Каждой из этих двух форм четко задана определенная функция в рамках системы межжанровых взаимодействий. Историософская трилогия выстраивает идейную парадигму осмысления общих закономерностей бытия в его идеальной данности, предлагает эталон надмирных смыслов, тогда как биографические произведения показывают, как метафизические универсалии реализуются на примере судеб конкретных героев в мифологизированной автором исторической динамике. Такая идеологическая задача цементирует сложную полижанровую конструкцию, которую можно считать единым «текстом» позднего Мережковского.

Писатель это явственно осознавал и декларировал как закон своего творческого мышления. В 1914 г. в предисловии к собственному Полному собранию сочинений он так характеризовал разнообразие написанного за многие годы: «Это – звенья одной цепи, части одного целого. Не ряд книг, а одна, издаваемая только для удобства в нескольких частях. Одна – об одном»12. Восприятие произведений разных жанров как вторичных форм манифестации некоего метажанра – доминанта мышления Мережковского, отсылающая к феномену целостного мифологического корпуса, индивидуального подобия общесимволистского «гипертекста» рубежа XIX-XX веков, где всякое литературное высказывание, как отдельный мифологический мотив, в свернутом виде несет в себе память о целокупности всего мифа.

В случае с Мережковским подобная целокупность художественно-мифологического сознания задается хилиастской идеологией.

Писатель в трилогии «Тайна Трех» четко разводит и концептуализирует понятия истории, мифа и мистерии.
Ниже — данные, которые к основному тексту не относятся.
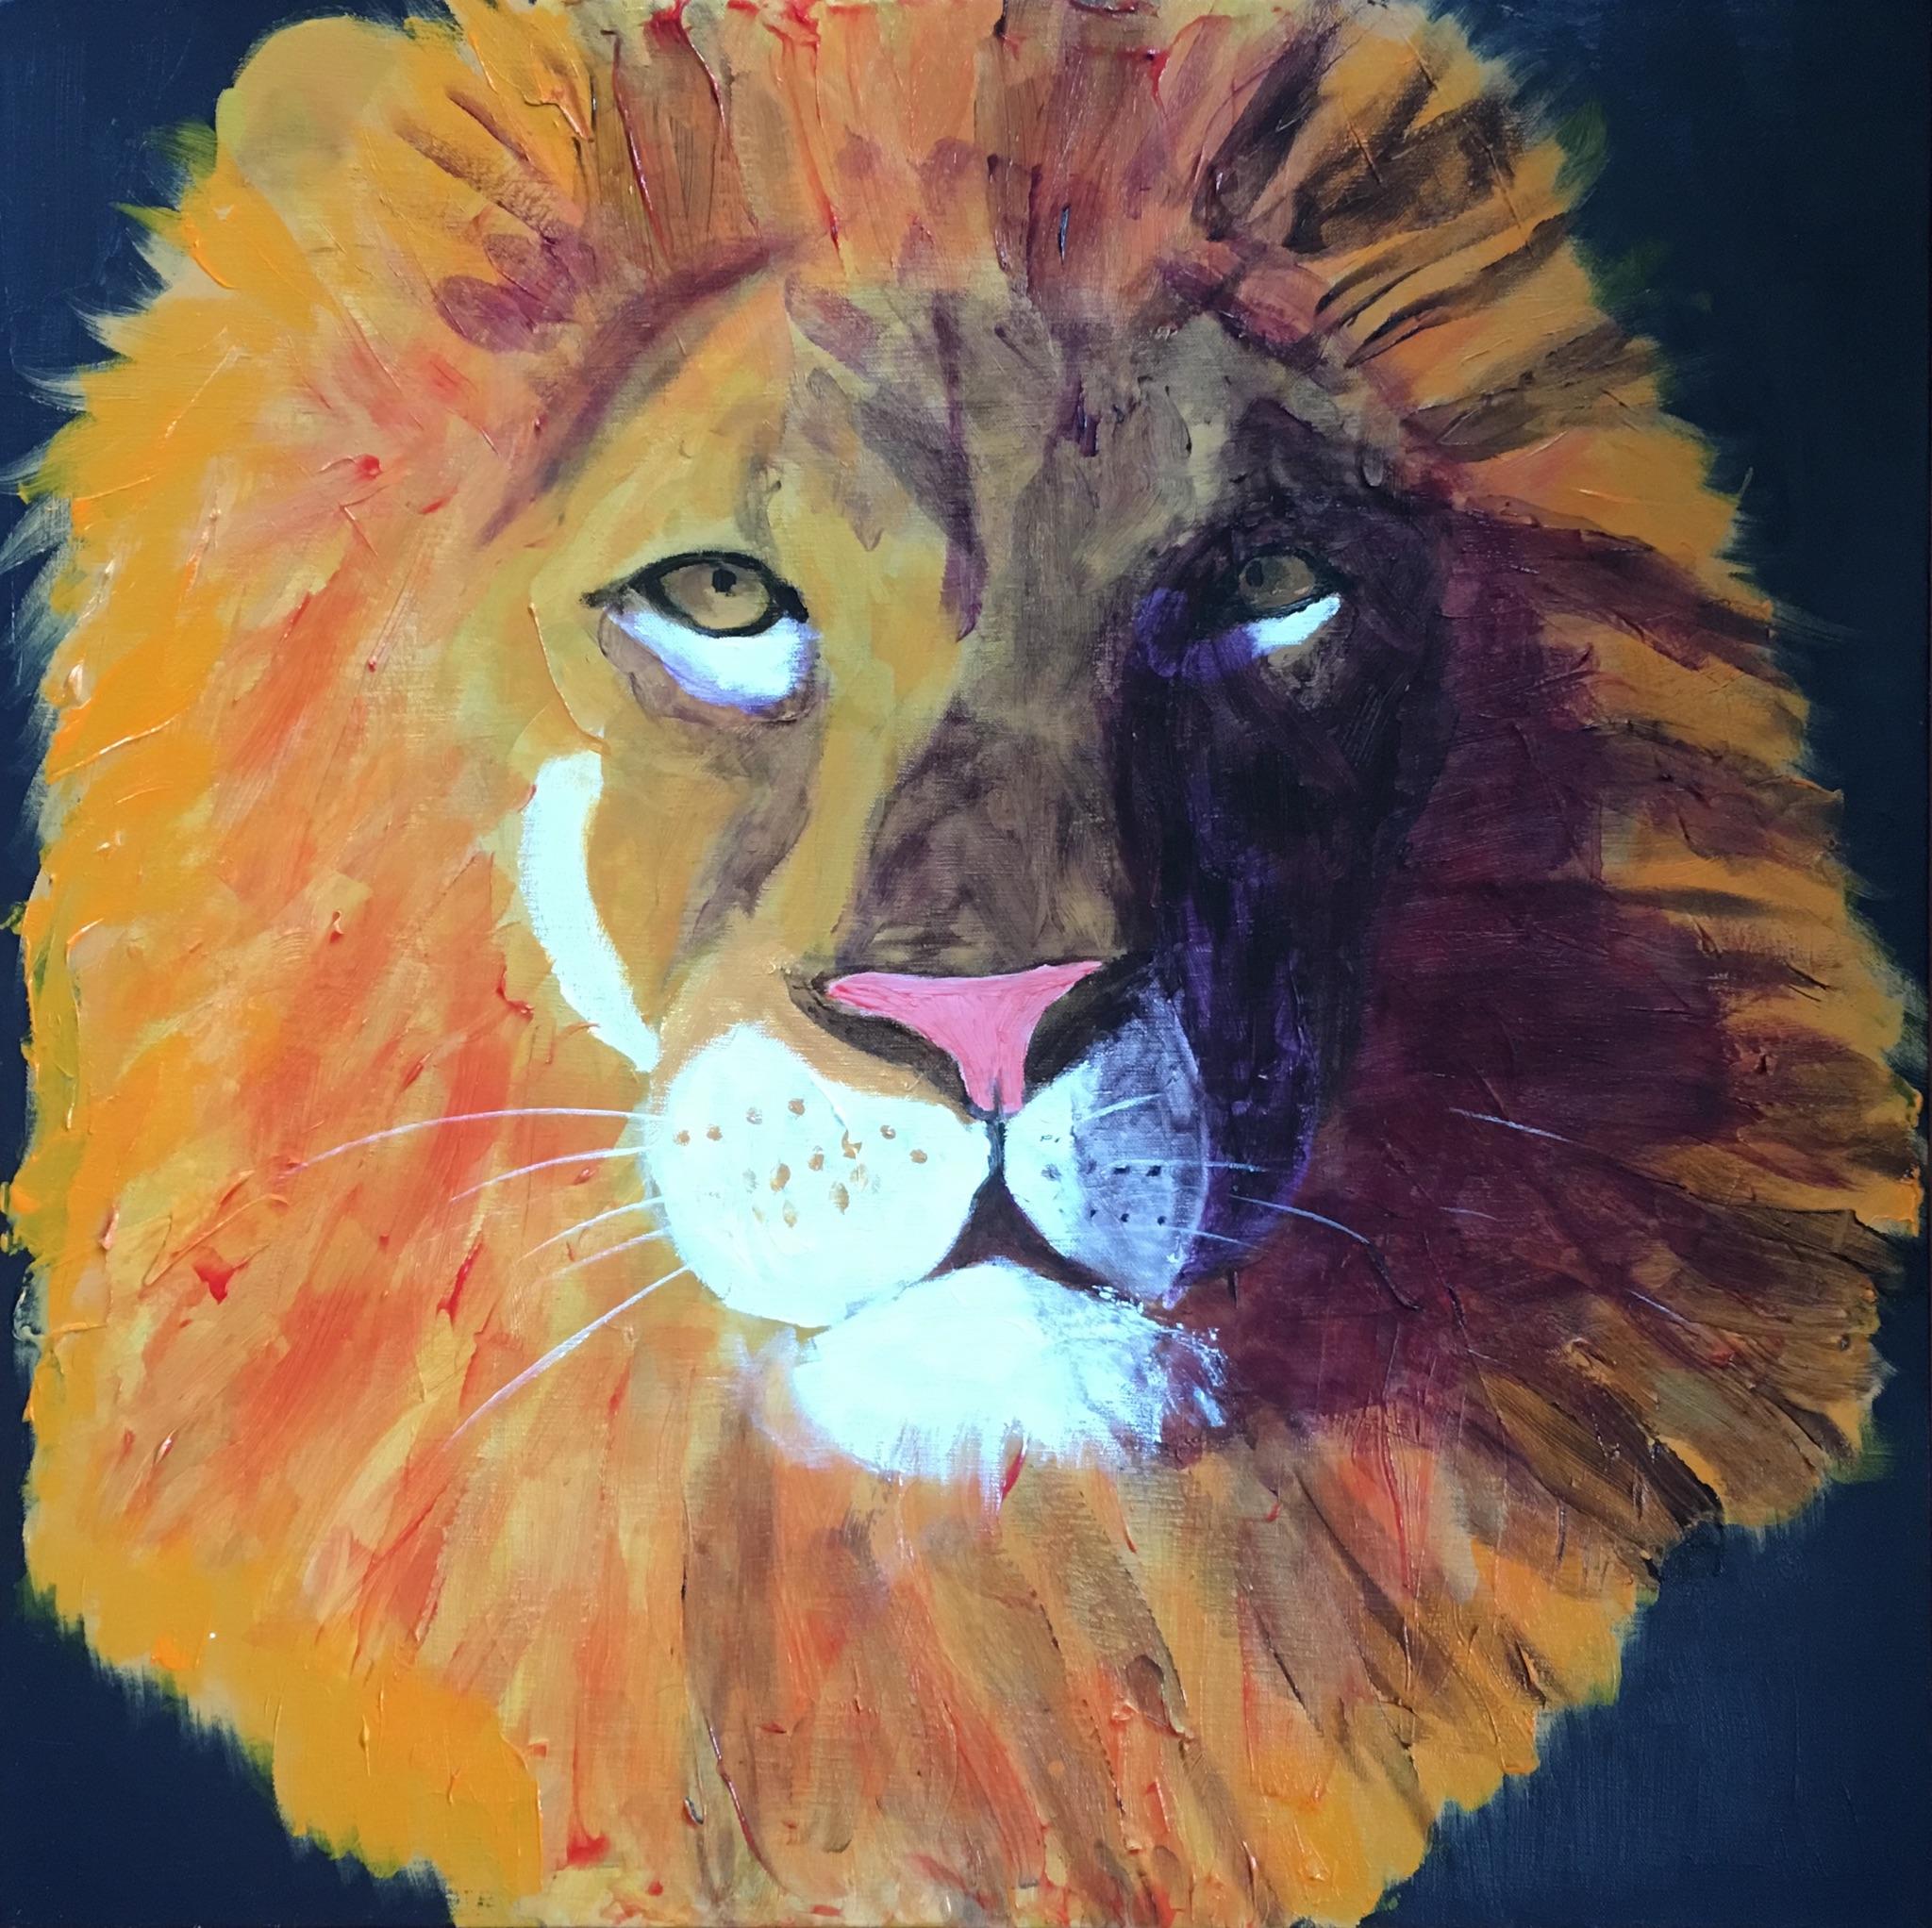 Lion King - - Original for Sale - Prints Available

История – эмпирическая действительность, обреченная на крушение в апокалиптической бездне всеобщей погибели, если человечество окажется неспособным подняться до постижения мистерии – универсального действа, вечного архетипа динамичного бытия, которым зиждится домостроительство Божественного спасения (Мережковским осмысляемое в рамках концепции «трех заветов») и которое предопределяет собой смысл всего происходящего во времени. Путь от тумана истории к онтологической ясности откровения последних истин в мистерии пролегает через ее иконический знак, символ, каковым в человеческой культуре и является миф.

В главе описываются основные тенденции биографического письма в Европе первой трети XX в., на фоне которых работает Мережковский, а также выявляется ключевой понятийный аппарат мифологизаторской историософии литератора-символиста (идеология «трех заветов», «андрогинность», «Атлантида», оппозиция «созерцание»/«действие», религиозный смысл империи и т.п.), разбирается контекст его формирования – как удаленный во времени (апокрифическая традиция, гностицизм, Климент Александрийский, Иоахим Флорский и др.), так и относительно недавний, достаточно актуальный (младосимволизм, религиозная философия рубежа XIX – XX в. и т.п.). В последнем случае особое внимание уделяется восприятию Мережковским мифопоэтических интуиций В. Соловьева и В. Розанова.

Делается вывод о том, что Мережковский, в отличие от младосимволистов, по-настоящему глубоко никогда не впитывал главных мифотворческих идей В. Соловьева. Иное дело – построения В. Розанова, которые действительно оставили глубокий след в философии и даже поэтике писателя-символиста. Во многом благодаря Розанову, в частности, принцип тройственности проецируется Мережковским на категорию пола, которая в духе религиозно-модернистского панэротизма рубежа веков сублимируется и связывается с целостной религиозной доктриной. Мережковский лишь концептуализирует эти понятия, лишает их розановской текучести интуитивно-пульсирующего смысла и загоняет в стальную логику схемы – пресловутую оппозицию Христа и антихриста, плоти и духа, неба и земли, созерцания и действия и т.п..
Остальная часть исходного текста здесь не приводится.